▸ EXERCISE INSTRUCTIONS:
Entries follow. Give back exactly the lines starting at the one containing "BERLIN, GERMANY - JANUARY" and ending at the one containing "Dell PK941 (Parts", and no other lines.

▸ RECORDS FOR PROCESSING:

»»

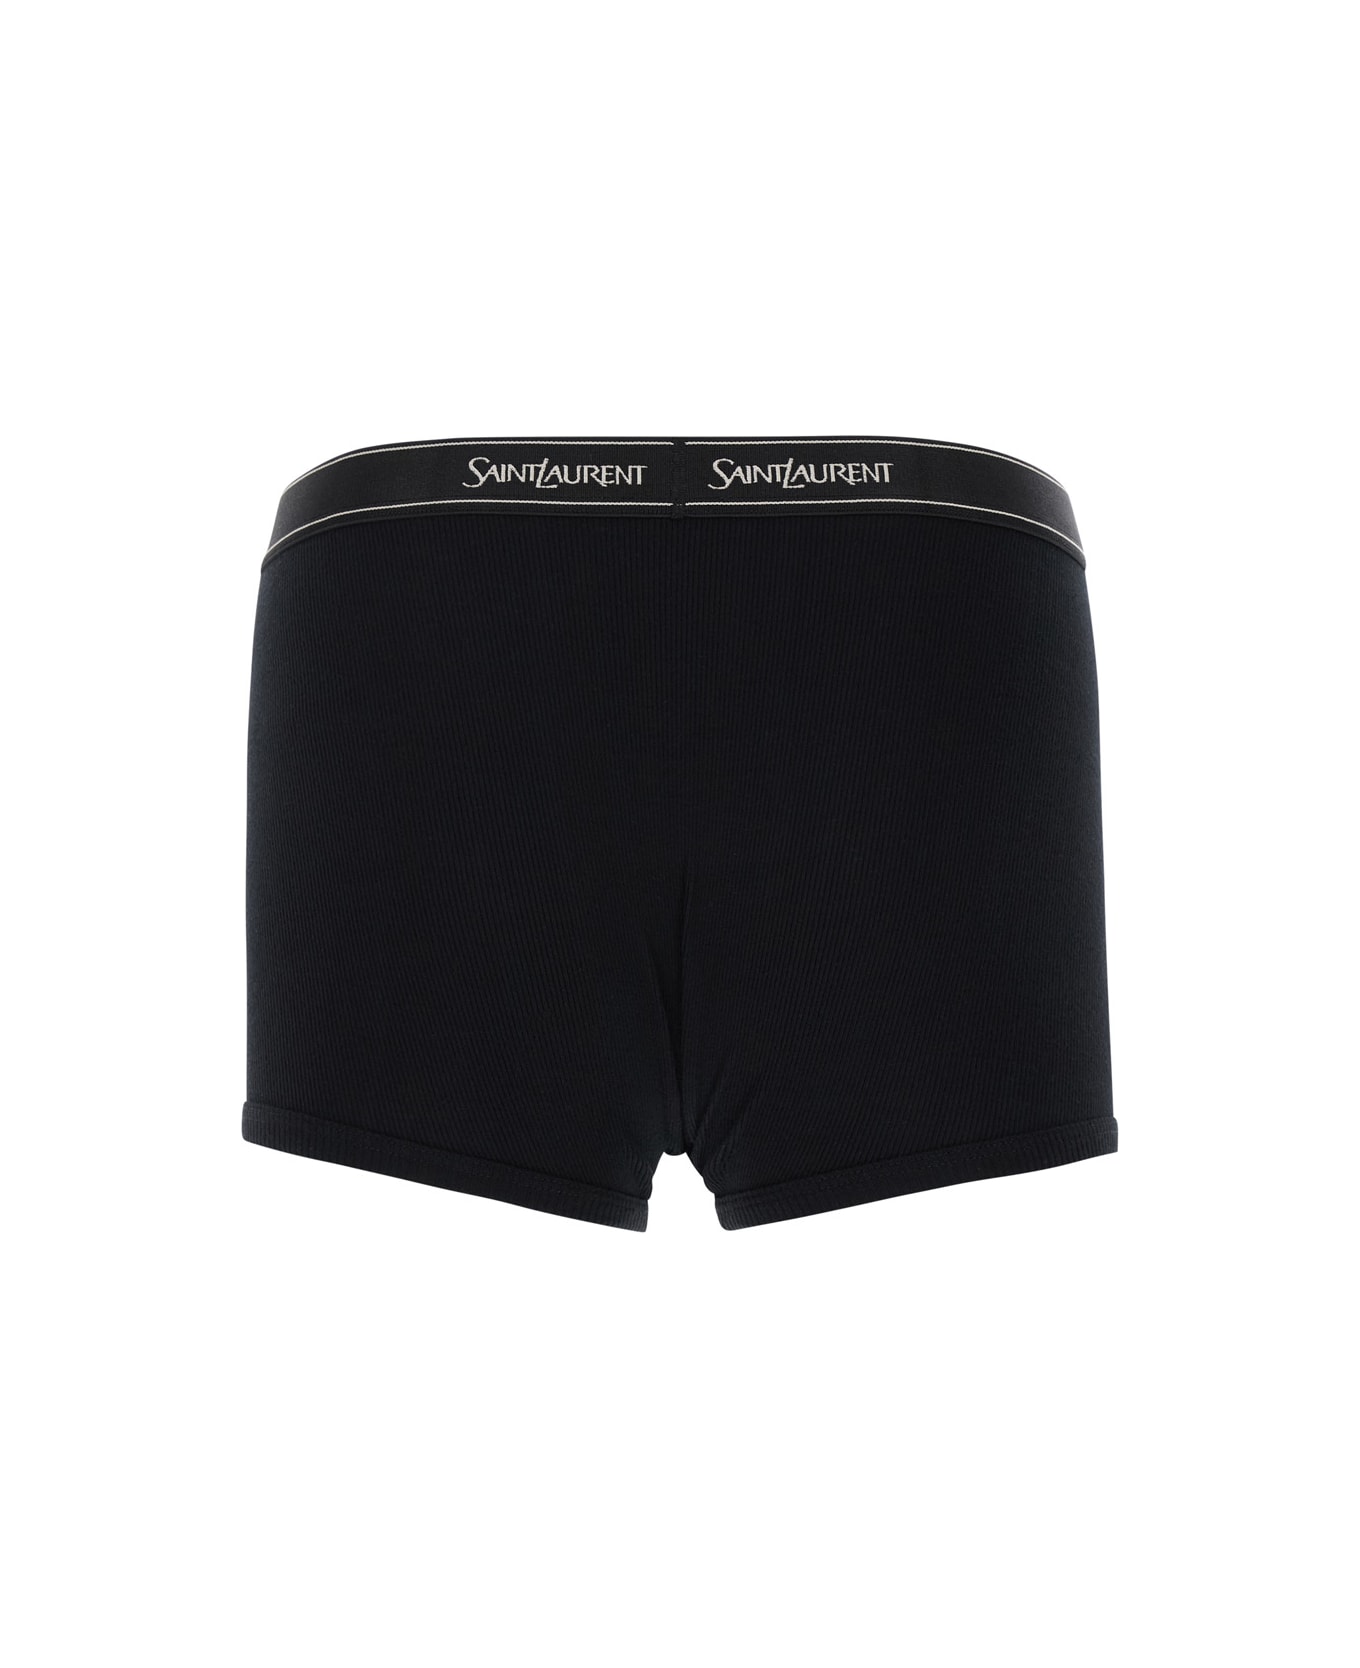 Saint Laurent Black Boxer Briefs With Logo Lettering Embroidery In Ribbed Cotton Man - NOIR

««
»»

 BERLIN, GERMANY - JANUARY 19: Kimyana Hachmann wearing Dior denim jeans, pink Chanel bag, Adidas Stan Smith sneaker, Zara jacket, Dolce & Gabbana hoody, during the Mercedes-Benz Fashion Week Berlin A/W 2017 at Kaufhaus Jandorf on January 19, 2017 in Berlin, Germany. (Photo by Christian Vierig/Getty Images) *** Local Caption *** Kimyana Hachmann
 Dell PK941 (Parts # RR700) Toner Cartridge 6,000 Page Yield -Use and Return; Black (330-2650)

««

▸ WRITTEN ANSWER:
 BERLIN, GERMANY - JANUARY 19: Kimyana Hachmann wearing Dior denim jeans, pink Chanel bag, Adidas Stan Smith sneaker, Zara jacket, Dolce & Gabbana hoody, during the Mercedes-Benz Fashion Week Berlin A/W 2017 at Kaufhaus Jandorf on January 19, 2017 in Berlin, Germany. (Photo by Christian Vierig/Getty Images) *** Local Caption *** Kimyana Hachmann
 Dell PK941 (Parts # RR700) Toner Cartridge 6,000 Page Yield -Use and Return; Black (330-2650)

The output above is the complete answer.